[Raw data]:
● ● ●
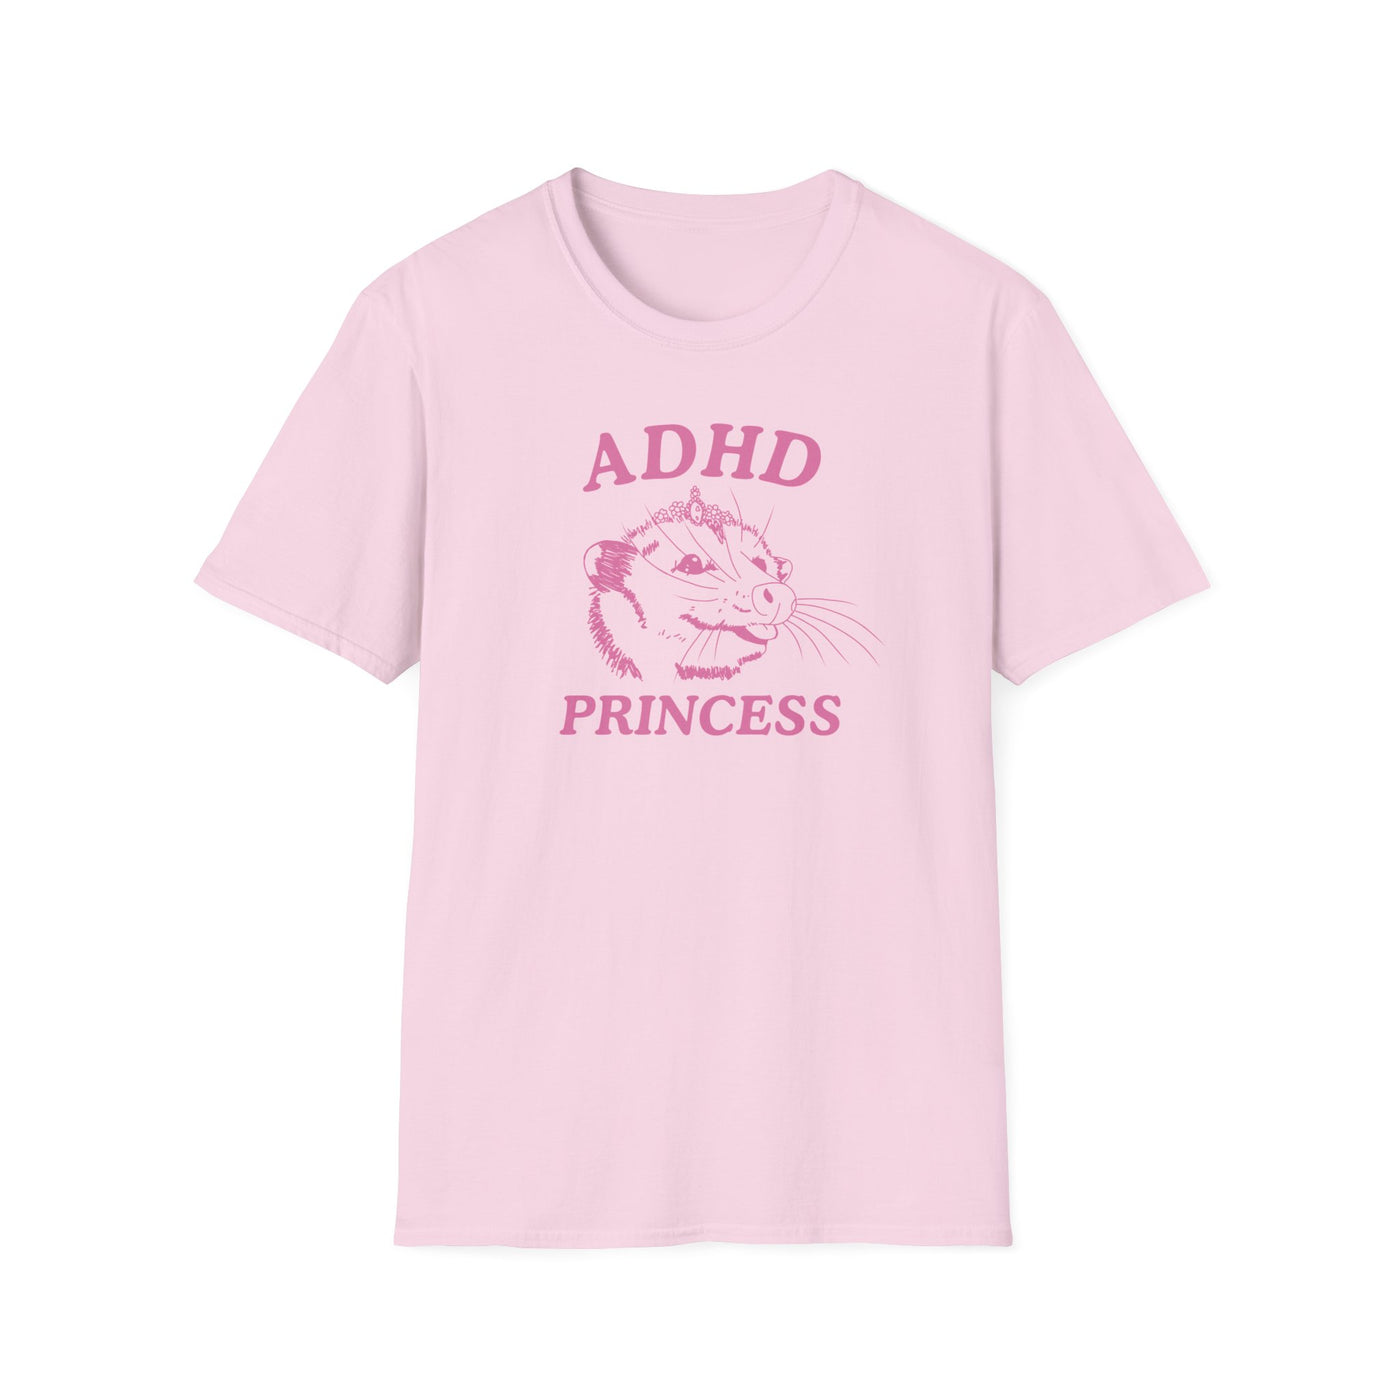 ADHD Princess
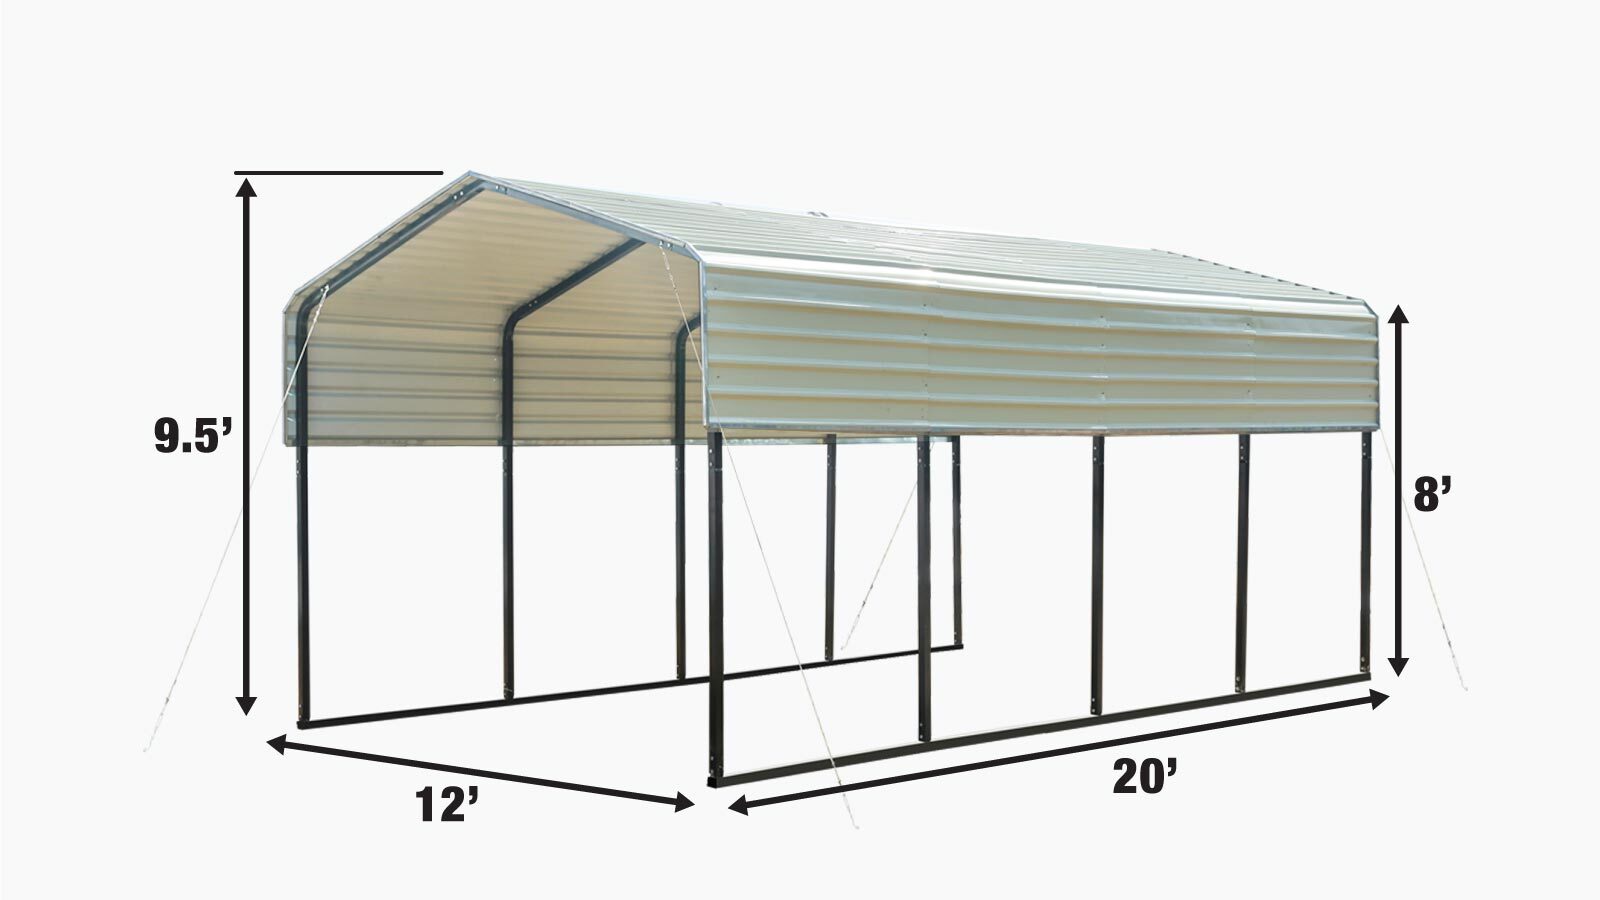 TMG Industrial 12' x 20' Carport tout en acier avec parois latérales ouvertes, toit galvanisé, revêtement en poudre, revêtement de peinture polyester, câbles de stabilisation, TMG-CP1220-specifications-image
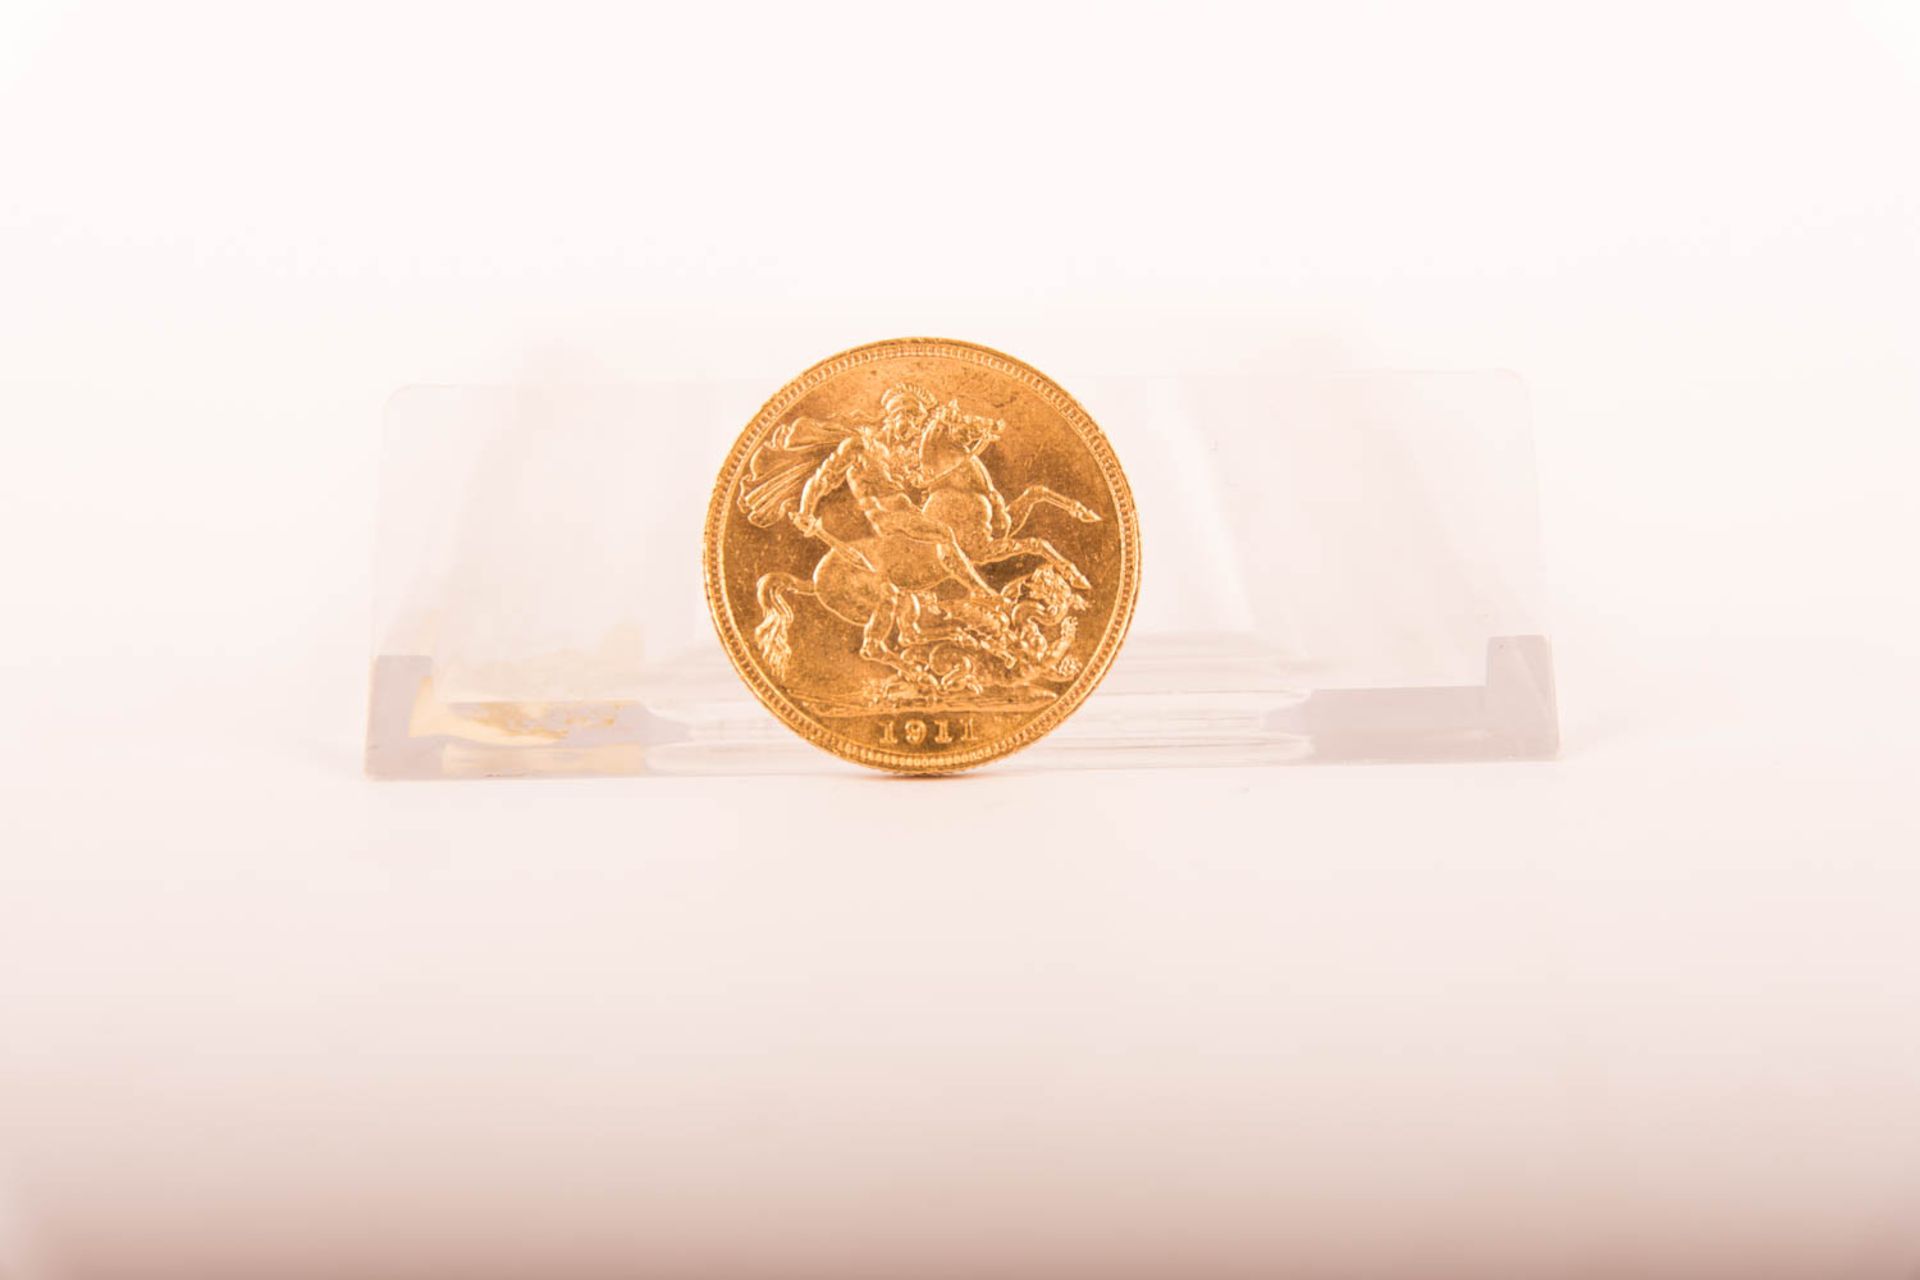 Konvolut von 4 Australien 1 Sovereign Goldmünzen. 1911 - 1912 - 1958 - 1974 - Image 6 of 10
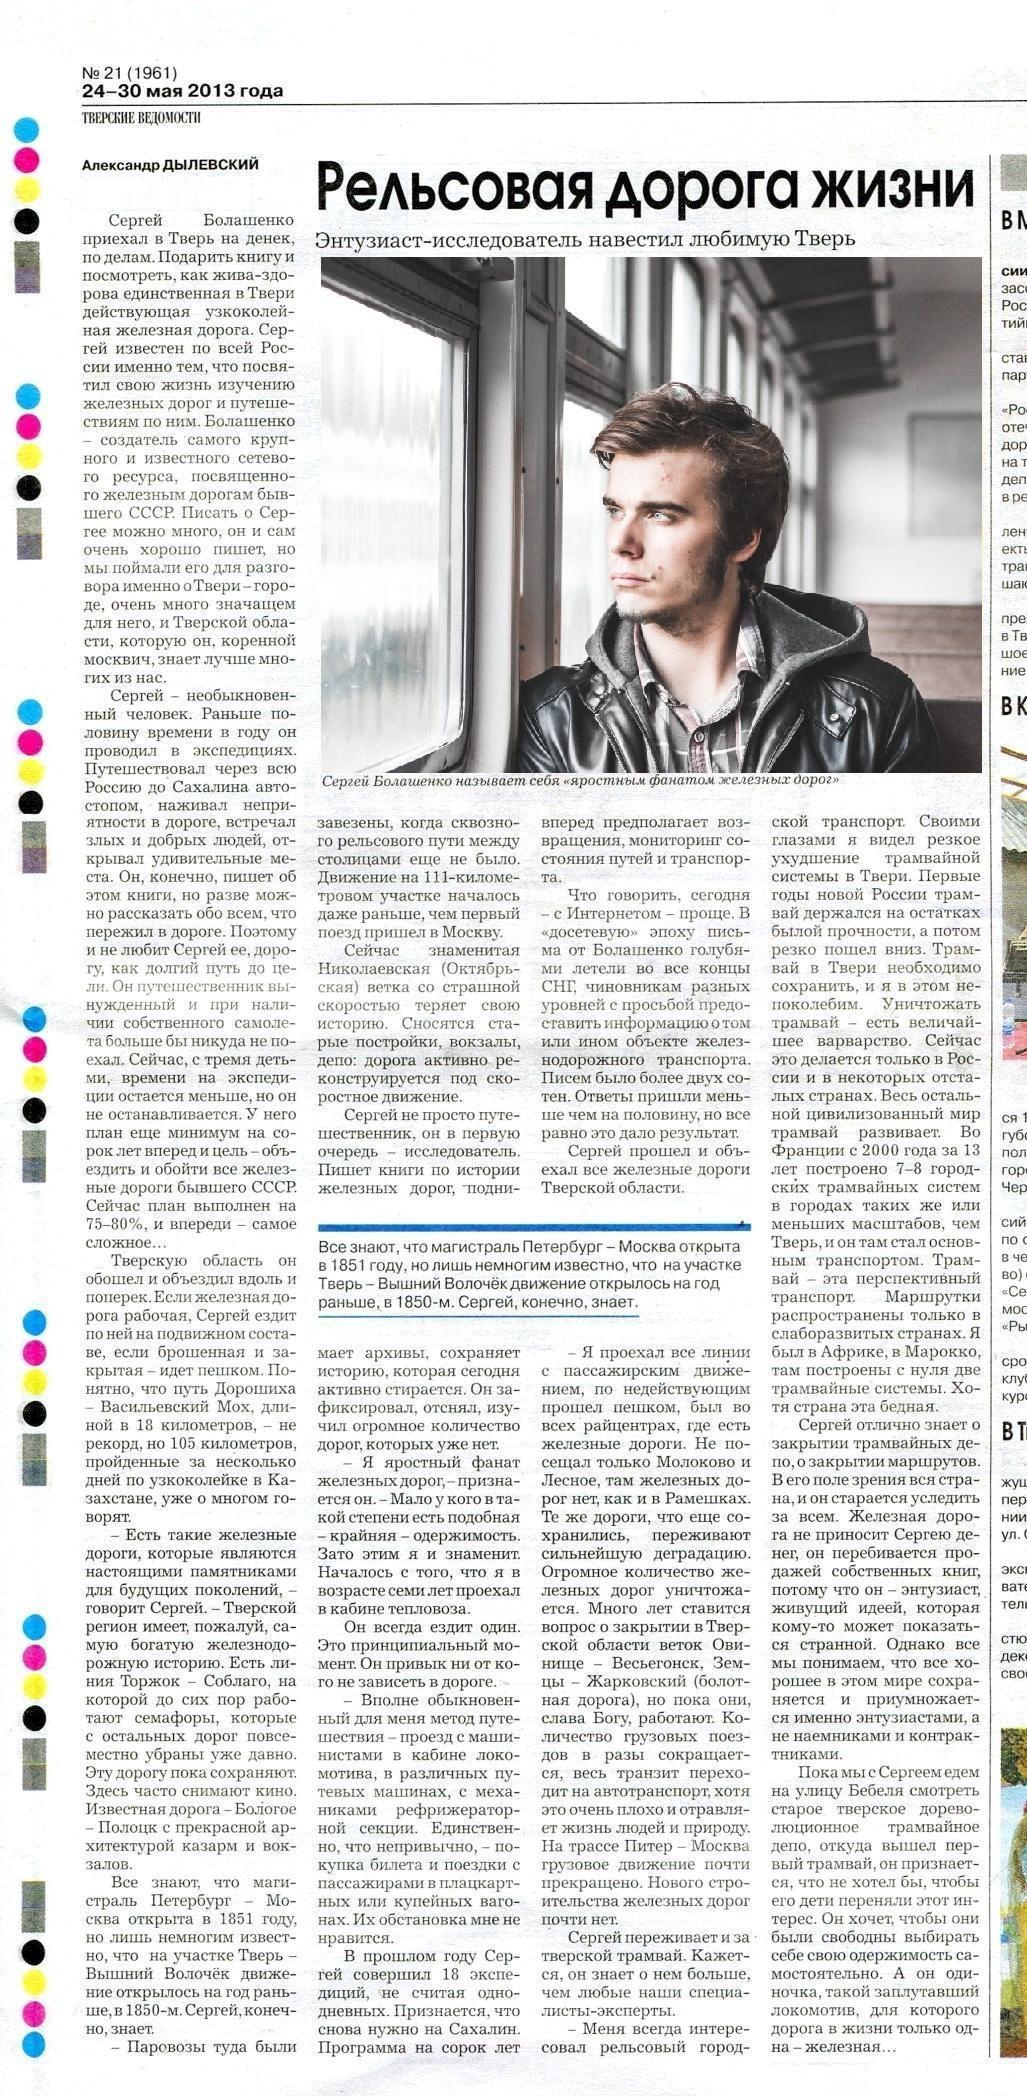 Публикация в газете «Тверские Ведомости», посвящённая автору «Сайта о железной дороге», 2013 год
● ● ●
[What the exercise asks]:
Retype each line of the listing above word for word. Exclude the pictures.

[Output of the task]:
 ADHD Princess
 TMG Industrial 12' x 20' Carport tout en acier avec parois latérales ouvertes, toit galvanisé, revêtement en poudre, revêtement de peinture polyester, câbles de stabilisation, TMG-CP1220-specifications-image
 Konvolut von 4 Australien 1 Sovereign Goldmünzen. 1911 - 1912 - 1958 - 1974 - Image 6 of 10
 Публикация в газете «Тверские Ведомости», посвящённая автору «Сайта о железной дороге», 2013 год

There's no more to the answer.